Когда сэр Ричард Экланд в первые месяцы войны работал над манифестом, который должен был быть представлен правительству, он привлек к работе команду сотрудников службы общественного мнения, чтобы те выяснили, какой смысл вкладывает обычный человек в высокопарные абстрактные слова, которые то и дело употребляются в политической практике. Обнаружилось чудовищно неверное их толкование. Например, большинство людей не знало, что слово "аморальность" может означать что-либо, кроме половой распущенности. Один человек считал, что "движение" – это нечто, имеющее отношение к запорам. Стоит просидеть вечер в любом пабе, чтобы убедиться, что выступления радиокомментаторов и выпуски новостей не производят на среднего слушателя никакого впечатления, потому что составлены на ходульном книжном языке и, следовательно, говорят с "акцентом", свойственным высшим классам.
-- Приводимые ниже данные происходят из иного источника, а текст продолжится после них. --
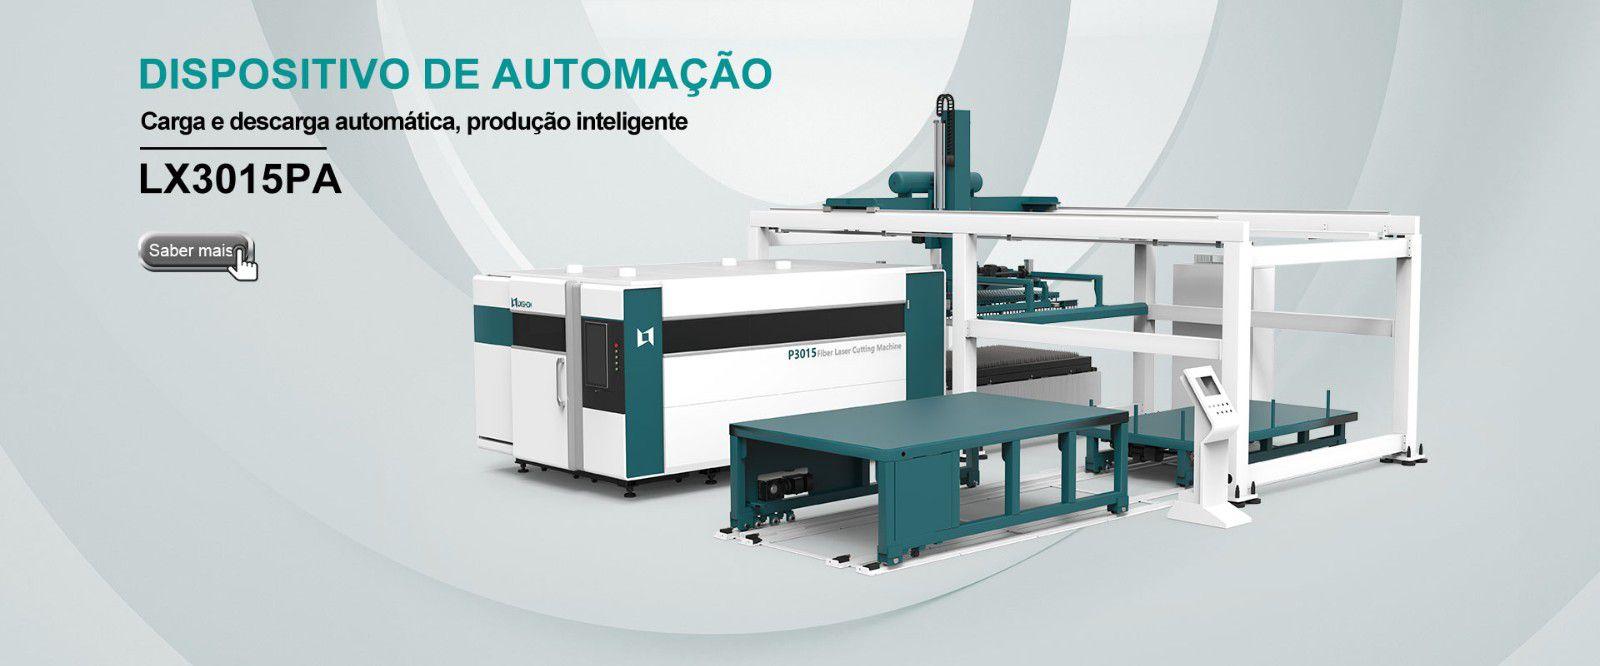 Cortador automático a laser de fibra LX3015PA

Во время Дюнкерка я наблюдал группу чернорабочих, которые поглощали свой хлеб с сыром в пабе, когда передавали тринадцатичасовые новости. Ничто не отражалось на их лицах: они просто флегматично продолжали есть. А потом, на какой-то миг, передавая слова солдата, которого втащили из воды в лодку, диктор перешел на разговорный язык и произнес фразу: "Ну, пришлось, конечно, туго, зато по крайней мере я научился плавать!" И моментально все навострили уши: зазвучал обычный язык, и он сразу дошел до них. Несколько недель спустя, в день, когда Италия вступила в войну, Дафф-Купер заявил, что безрассудный поступок Муссолини лишь "добавит руин к тем, что всегда составляли славу Италии". Сказано было остроумно, и предсказание было верным, но произвело ли это высказывание хоть какое-то впечатление на девять из десяти человек? На разговорном языке следовало бы сказать: "Италия всегда славилась своими древними развалинами. Что ж, теперь количество этих достопримечательностей там чертовски увеличится". Но кабинет министров так не выражается, по крайней мере публично.
Вот примеры бесполезных лозунгов, явно не способных пробудить сильные чувства или претендовать на то, чтобы их передавали из уст в уста: "Заслужи победу", "Свобода в опасности. Защищай ее изо всех сил", "Социализм – единственное решение", "Экспроприируй экспроприаторов", "Экономия и самоограничение", "Эволюция, а не революция", "Мир неделим". А вот примеры лозунгов, выраженных на разговорном языке: "Руки прочь от России", "Заставим Германию заплатить", "Остановить Гитлера", "Нет налогам на наши животы", "Купи "Спитфайр"", "Право голоса – женщинам". А эти – нечто среднее между двумя перечисленными категориями: "Вперед", "Добудь победу", "Все зависит от Меня", сюда же можно отнести кое-какие из высказываний Черчилля, например, "конец начала", "мягкое подбрюшье", "кровь, тяжелый труд, слезы и пот" или "Никогда еще на полях сражений столь многое не зависело от столь немногих". (Знаменательно, что при устной передаче из последнего высказывания выпал книжный оборот в области социальных конфликтов.) Следует учитывать тот факт, что почти все англичане неприязненно относятся к тому, что звучит выспренно и хвастливо. Лозунги вроде "Они не пройдут" или "Лучше умереть стоя, чем жить на коленях", которые вдохновляли континентальные народы, англичанина, особенно рабочего, немного смущают. Но главная ошибка пропагандистов и популяризаторов состоит в их непонимании того, что разговорный английский и письменный английский – это две разные вещи.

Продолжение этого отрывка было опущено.